Scar has had a day.
A fun day, certainly! He would never say that he didn’t have fun. That would be a lie, and Scar is not a liar. (A schemer, a swindler, yes, but a liar? Why, he’d never!) But several hours of running Decked Out, one near-death-experience after another, has him shaking all over. He’s sweating in places he didn’t even know he could sweat, and his heart is pounding even faster against his ribcage than the dungeon’s at max clank.
But he had fun, and he’s achieved his goal of two new cards and a victory tome, so he’s about ready to head home to Scarland for some nice relaxing time—
There is something in the hallway with him.
The hair on the back of Scar’s neck prickles, and he can feel the ravager’s breath against his skin, a sudden rush of hot air in the otherwise frozen crypts. He feels his body freeze, lungs ceasing to function without permission, and he needs to run, needs to flee, he’s going to lose—
“You got lucky at the end there. When you were leaving? There was a ravager coming at you across the thing—”
“Oh gosh!” Scar stumbles backwards, heart in his throat, looking up at Tango as he approaches Scar and his shulker deck across the hall.

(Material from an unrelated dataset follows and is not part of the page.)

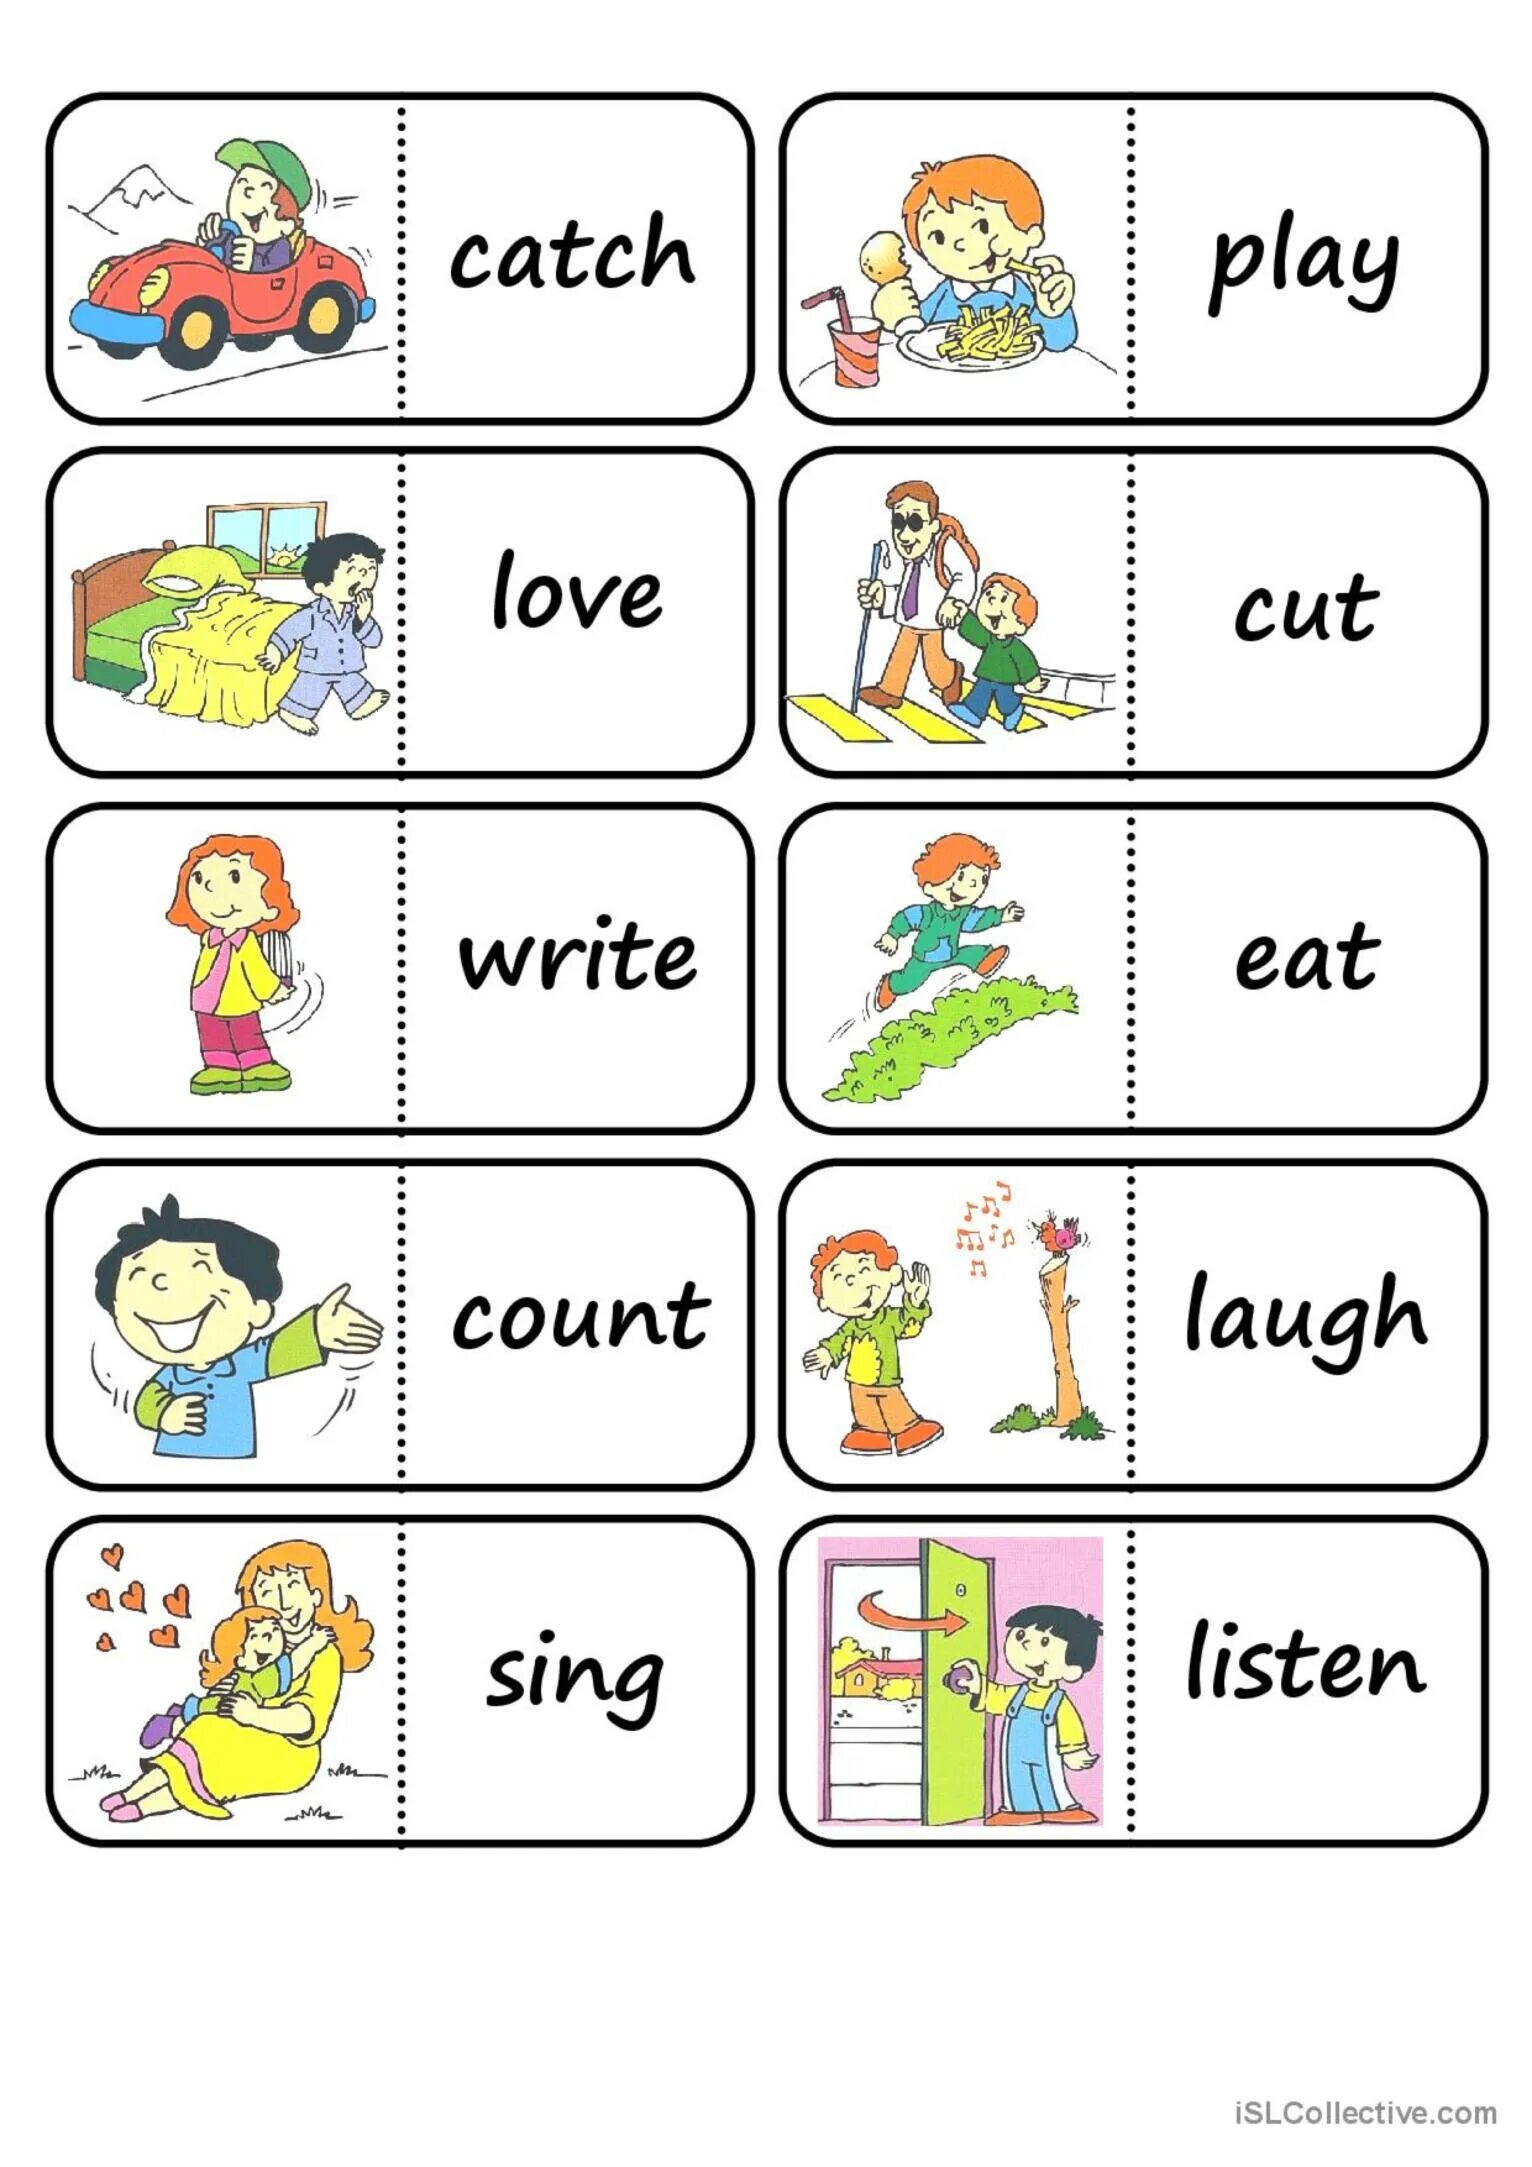 Английский для детей карточки с глаголами. Глаголы в английском языке для детей. Карточки Actions для детей. Глаголы на английском для детей. Actions rules

His words spill out of him so fast he stumbles over the sounds, and Tango stops, staring, as Scar nearly keels over backwards from fright. “Jeez, Tango, oh my gosh, I thought you were a ravager, I’m a little still paranoid, it’s been a—a captivating day—”

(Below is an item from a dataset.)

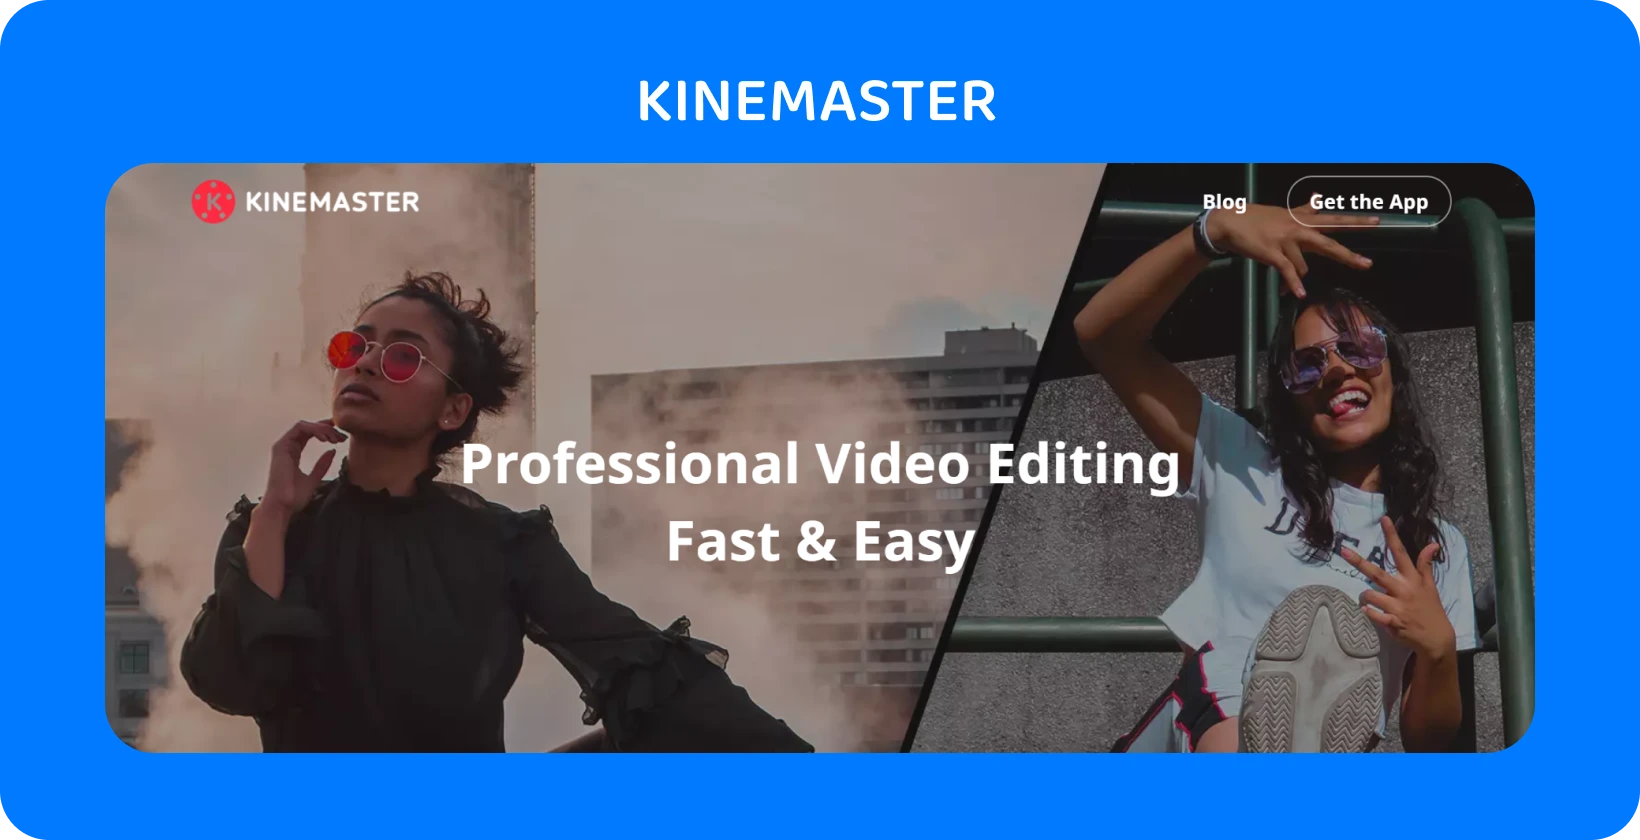 KineMaster sovellusmainoksen, jossa kaksi mallia poseeraa, korostaen ammattimaista videoeditointia, joka on nopeaa ja helppoa.

Scar’s back hits the blackstone rim of the door behind him, and the sudden terror he’d felt at Tango’s presence suddenly vanishes, leaving him sagging against the wall. Tango blinks owlishly, looking around the dungeon like he’s missed something.

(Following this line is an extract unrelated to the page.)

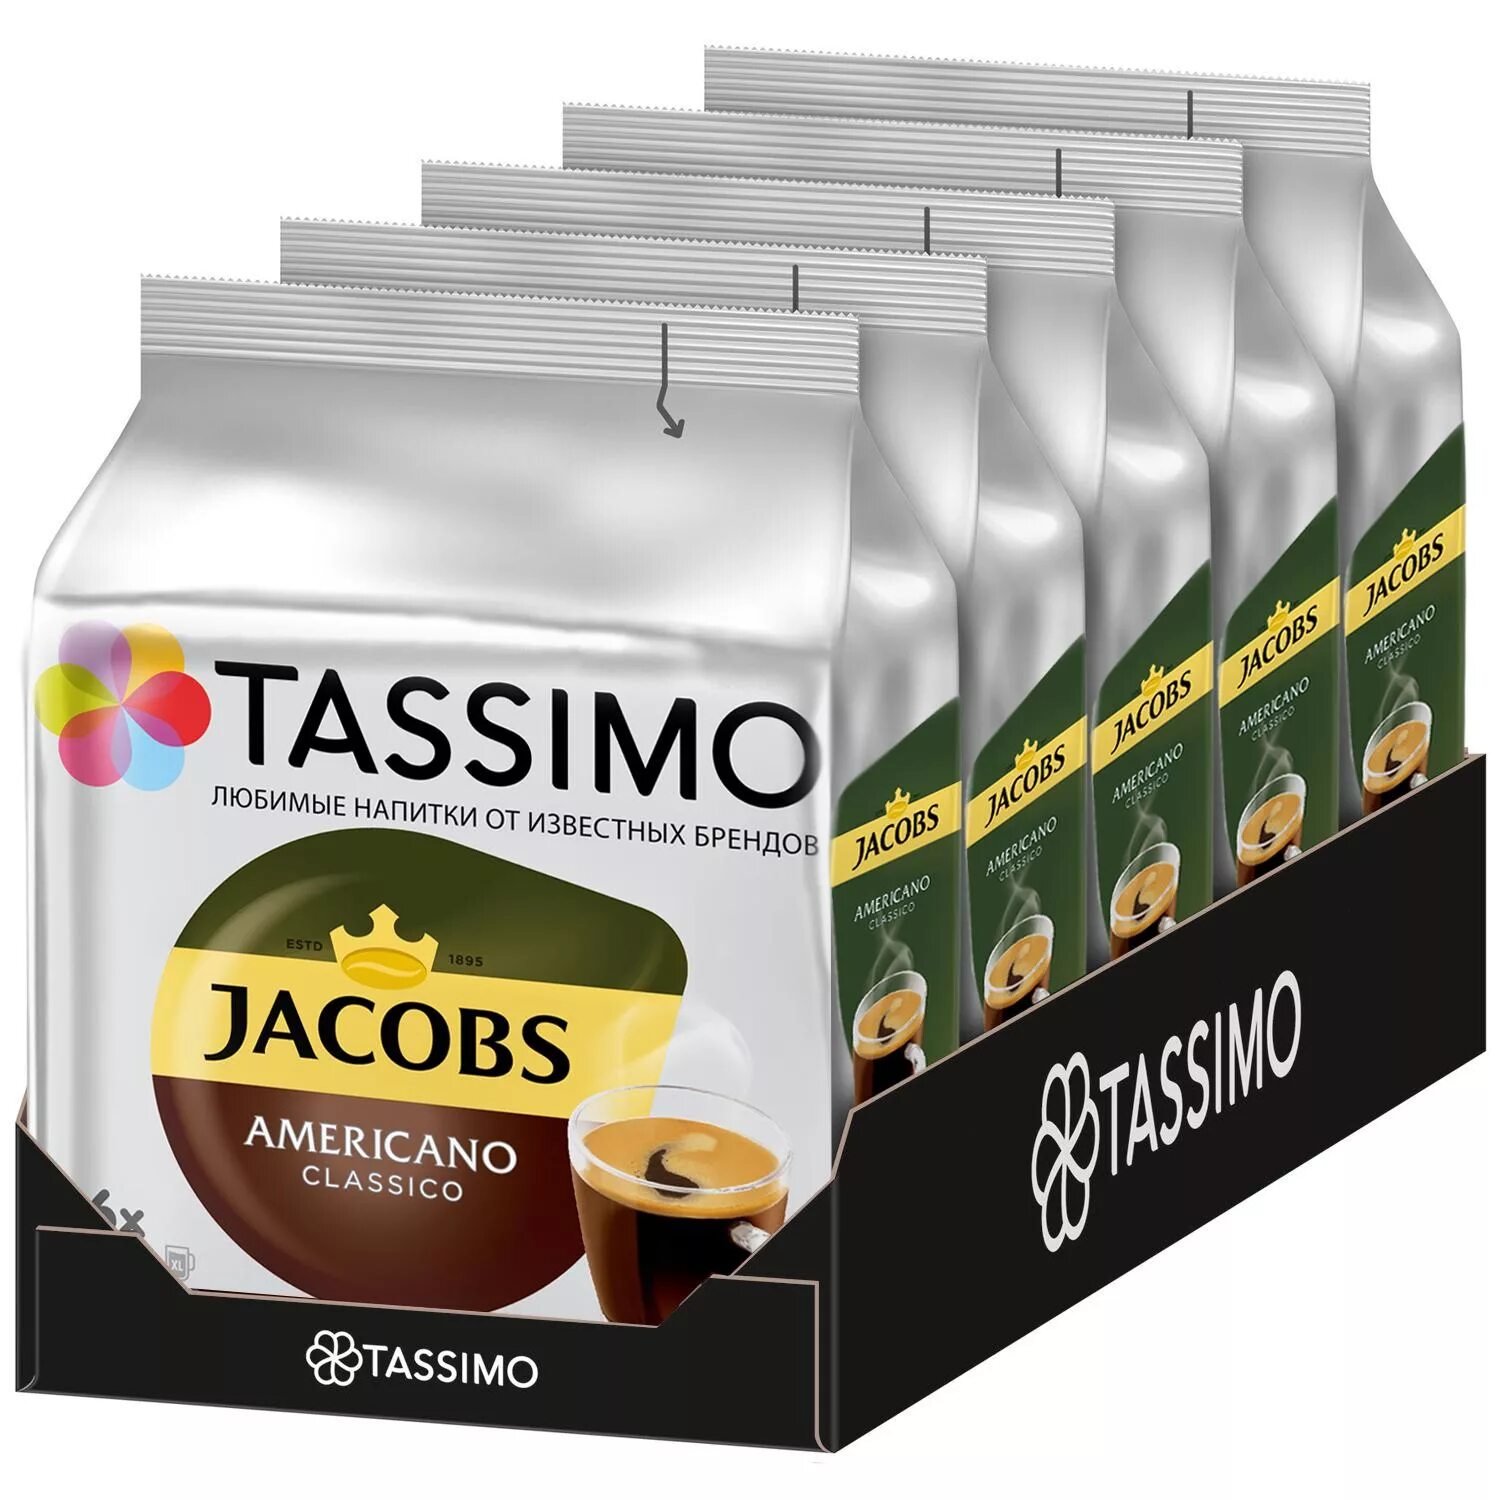 Купить т капсулы. Кофе в капсулах Tassimo. Якобс Тассимо капсулы американо. Капсулы для кофемашины бош Тассимо. Кофе Тассимо американо капсулы.

“H-Hi? Do I…?” Tango looks down at himself, like he’s expecting to see something different, like he might suddenly be a beast with shaggy grey fur and deadly horns, and not a Tango in his frosty blue robes. A laugh wheezes its way out of Scar as the relief turns into an odd sort of dizziness. He feels a little sick. “Wow. Scar? You okay…?”
Scar pulls himself out of the corner, towards his friend, because Tango is his friend, and he’s just—he’s just Tango. Not a ravager, or any other kind of danger, just Tango, who’s spent the last thirteen months making this amazing game for all of the hermits, and who Scar is not scared of.
“Y-Y-You get heightened tension, right, when you play? It’s crazy, like—”
“You are on edge,” Tango tells him with a laugh, and Scar laughs along.
“I was on edge!” he agrees, opening his shulker once again so that he can avoid Tango’s gaze. There’s something about his eyes that are just—Scar doesn’t know. He’s not afraid of Tango. Why would he be afraid of Tango?
“Rarr,” Tango jokes, the worst ravager impression in the world, bearing his teeth and raising his hands like claws, and Scar does not jump. “And stuff.”
…Everything is fine, and normal, and Scar just needs—needs to go back to Scarland. And relax. Because his heart is beating too fast, and he’s played a lot of Decked Out, and he’s had a lot of fun, but he’s jumping at shadows, and at Tangos, and that—that simply won’t do.
(And he does not entertain the notion, not even a slightest bit, that maybe it’s not just him—that maybe there is something going on with Tango—because, really, it’s just Tango. Come on.)